The tech industry is a meritocracy. We hire people based on their skills alone.
When Michael Young coined the term “meritocracy” in 1958, he intended the term as a joke: an ironic signifier of the self-delusion of the English class system and, in particular, as a critique of academia and government.
Meritocracy is a powerful myth. It’s seductive, for people within a system like academia or technology, because it says “we are here–we have stature, money, influence, and respect–because we are more able. We who have achieved have done so on the basis of our natural abilities and hard work.” Because the myth builds a story of self-worth, it is easy to believe.
It may even be true.
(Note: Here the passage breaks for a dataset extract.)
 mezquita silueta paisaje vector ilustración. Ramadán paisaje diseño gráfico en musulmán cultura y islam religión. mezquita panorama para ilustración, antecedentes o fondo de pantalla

An industry or field may allow entrance, may assign promotions and allocate grant funds and direct the best engineering team or doctoral candidates towards a person, on the basis of their great skill or successful work. But this causal chain is rarely open. With money, with investment, with respect of ideas, with retweets and upvotes, one’s influence and the scope of works one can accomplish are amplified. We can reward people for being successful, and they are more likely to succeed as a result.
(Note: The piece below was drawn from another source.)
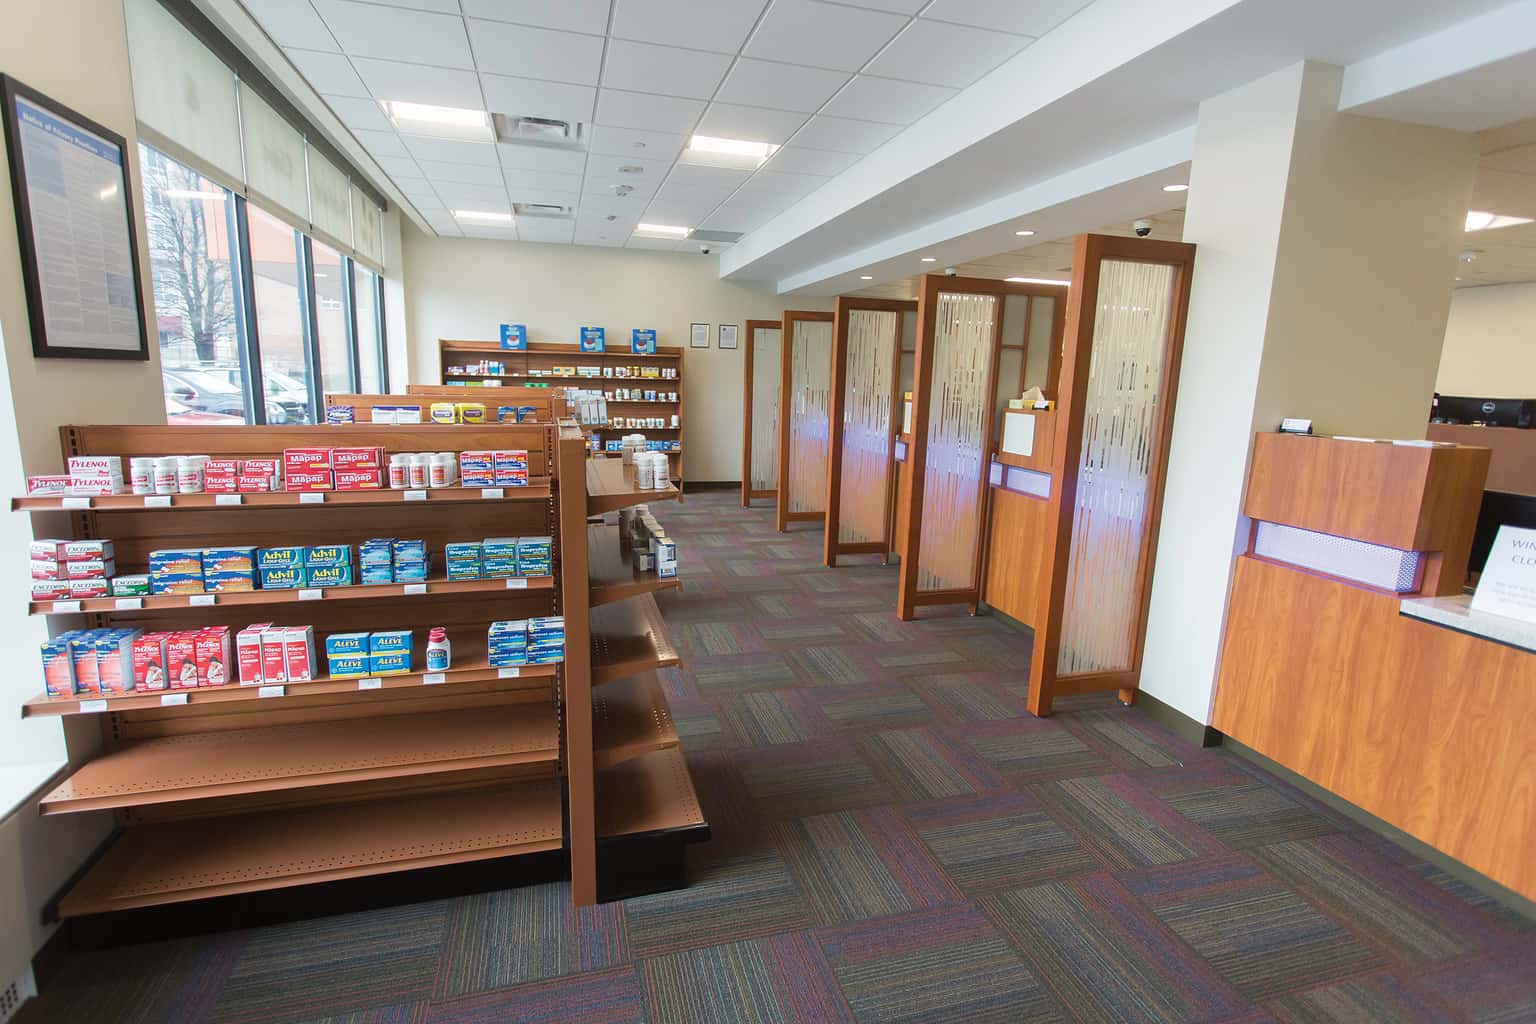 richfield pharmacy hallway with shelves

Is this optimal? If we put our resources into people who have accomplished things, who we believe to be more able because of their IQ or their citations or their coding style, how do we know we chose the best people? We can point to the organization’s success as a whole–our company wrote good code and our product was well-loved, so our process must be working. But if success is self-reinforcing, by some probabilistic dynamic, we can expect to succeed with a broad variety of people. Maybe people who we didn’t select.
Who didn’t we select?
We sure didn’t hire women. In ten years I’ve worked closely with zero women in operations, IT, and software development. Two people of color. Most of the startups I’ve interviewed at didn’t even have a woman on staff. No women called or interviewed me. Women work in only 27% of computer science jobs. They make up 10% of the applicant pool for physics tenure-track professors, and make up 18% of hires. In chemistry, women are 21.6% of applicants, and make up 16.3% of hires. Mathematics doctorates are roughly 3/4 men. In the STEM jobs they do find, women earn 14% less than their male counterparts.
Are women intrinsically less intelligent? Less capable? I doubt it. Girls have high test scores and interest in STEM (science, technology, engineering and math) fields up until middle school. Women are well-represented in biology and earth science, and those are both challenging technical disciplines. Yet they aren’t just under-represented in physics and technology–they aren’t even applying. Most engineers I know would love to interview more women for their team, but finding them is tough. It doesn’t matter if there’s a systematic bias in our application process–if we’re totally “meritocratic”–if the applicant pool itself is 90% male. Or or 90% white, for that matter.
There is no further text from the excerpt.